Risk Warning
Turbos Risk Factors
Turbos are not suitable for everyone. You should not deal in Turbos unless you understand their nature and the extent of your exposure to risk. You should be satisfied that they are suitable for you in the light of your circumstances and financial position. This disclaimer cannot disclose all the risks and other significant aspects of Turbos. If you are in any doubt you should consult an appropriately qualified financial advisor.
Turbos Risk Factors
- Leveraged returns
- Limited Life
- Financing Fees
- Knock-Out Event
- Secondary Market Risk
Leveraged returns
Leveraged returns are a major advantage of Turbos but can also work against investors. Turbos investors should be aware that, if the underlying instrument to the Turbos moves in the opposite direction to that anticipated by investors, the losses incurred by the Turbos will be greater in percentage terms than those incurred by the underlying itself. The prices of Turbos can therefore be volatile.
Unlike certain other leveraged offers, your downside risk is limited to your initial investment, no matter how badly the markets move against you.
Limited Life
Turbos have a limited life, as denoted by the expiry date of each product. They may also expire early following a Knock-Out event. After expiry, Turbos can no longer be traded. It is important, therefore that the anticipated move in the underlying occurs prior to product expiry.
Financing Fees
The value of a Turbos is subject to financing fees. The price of a long Turbo is reduced by a daily financing fee throughout the life of the contract. Conversely, the price of a short Turbo is increased by a daily financing fee throughout its life. Financing fees are based on prevailing market interest rates, which may vary over time. Details of daily financing fees applied are available on the website www.sgturbos.co.uk
Knock-Out Event
If a Turbo's Knock-Out barrier is hit, the contract will close with any remaining cash value automatically paid out to the holder. The reference level of the underlying used to determine the pay-out value following a Knock-Out event is the lowest price, in the case of a long Equity Turbo, or highest price, in the case of a short Equity Turbo, at which the underlying trades during the next 30 minutes when the market on which the underlying is traded, is open. The net value of any dividends due to be paid between the occurrence of a Knock-Out event and contract expiry are deducted from the payout value of a long Turbo and added to the payout value of a short Turbo. The payout value of a Turbo contract cannot be less than zero. Any remaining financing component of a Turbo price is lost when a Knock-Out event occurs and therefore you will get back less than if you sold the Turbos at the equivalent market price to the Knock-Out price.

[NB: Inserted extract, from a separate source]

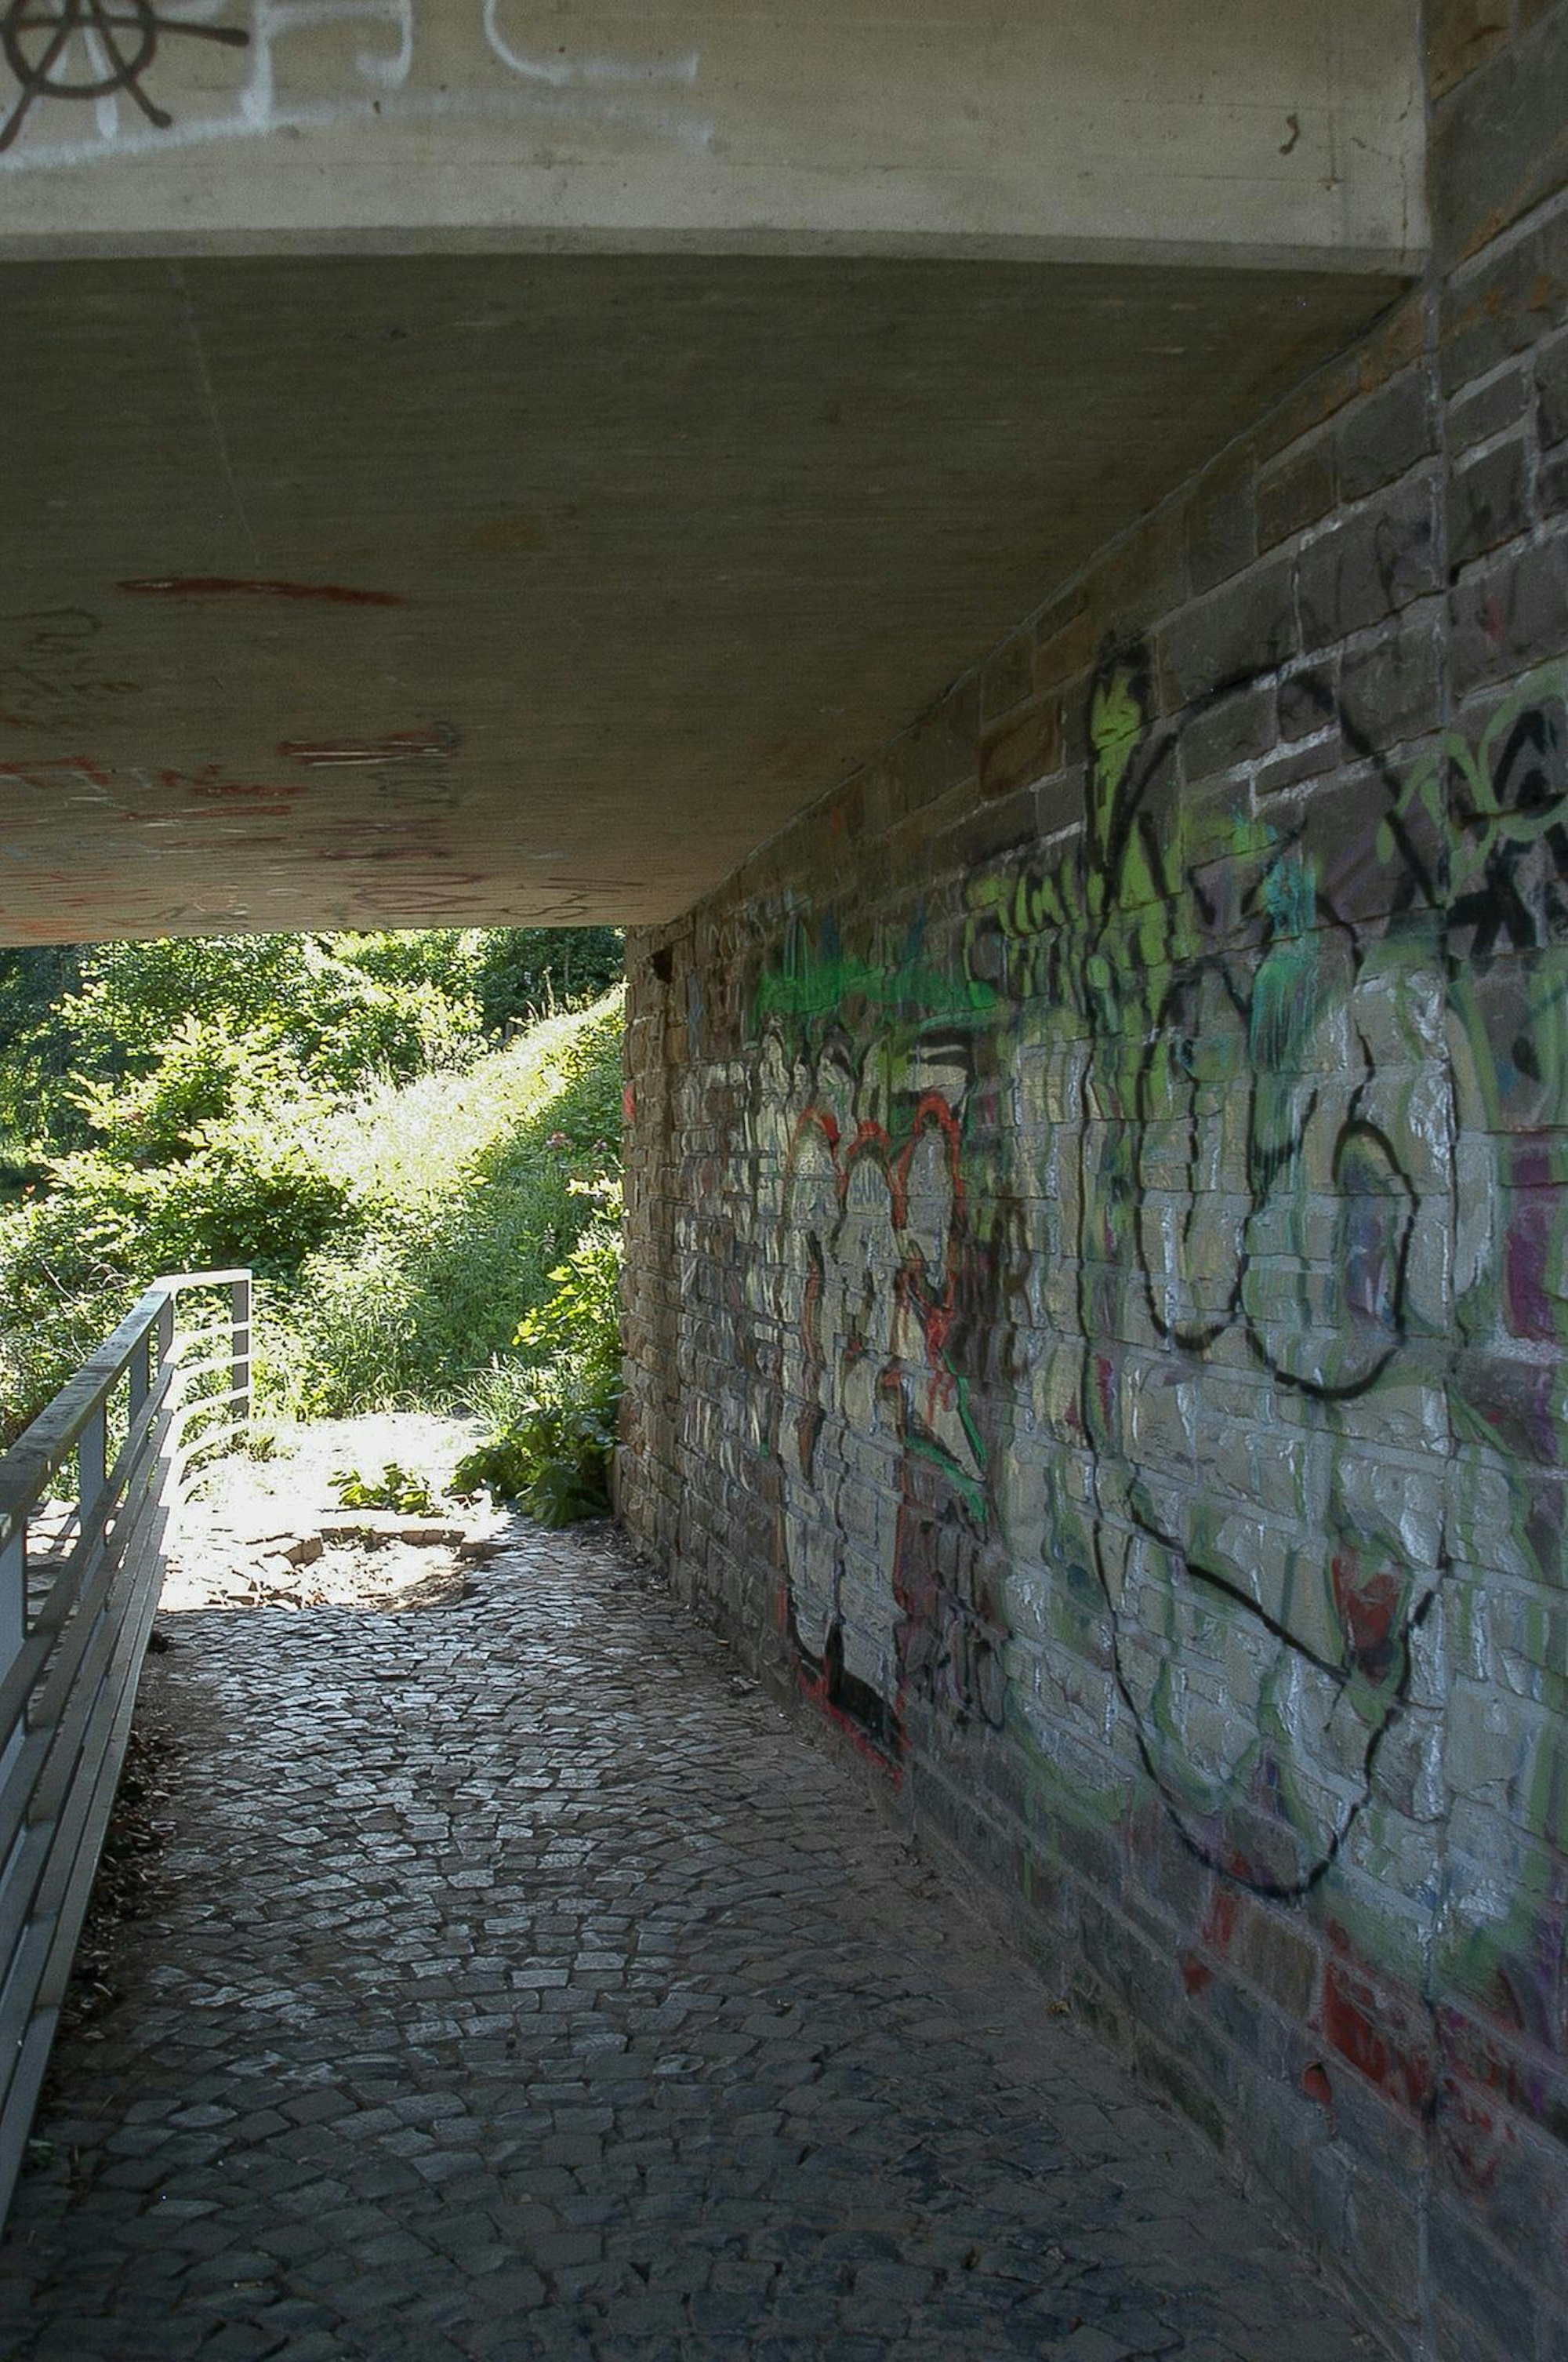 Graffiti erlaubt: Die Brücke an der Nöthener Straße soll offiziell künstlerisch gestaltet werden, damit die Schmierereien aufhören.

Remember: for Turbos on indices STRIKE = Knock-out barrier.
Secondary Market Risk
Secondary market risk is the risk that investors may not be able to open or close a Turbo position at the desired price. SG is the only market maker in SG Turbos. Under normal conditions SG will endeavour to provide a market-making service. Such arrangements may be temporarily or indefinitely curtailed as a result of technical problems within companies of the SG Group or the London Stock Exchange or data vendors or telecommunications carriers, or in the event of pending announcements by or difficulties in procuring information on underlying companies.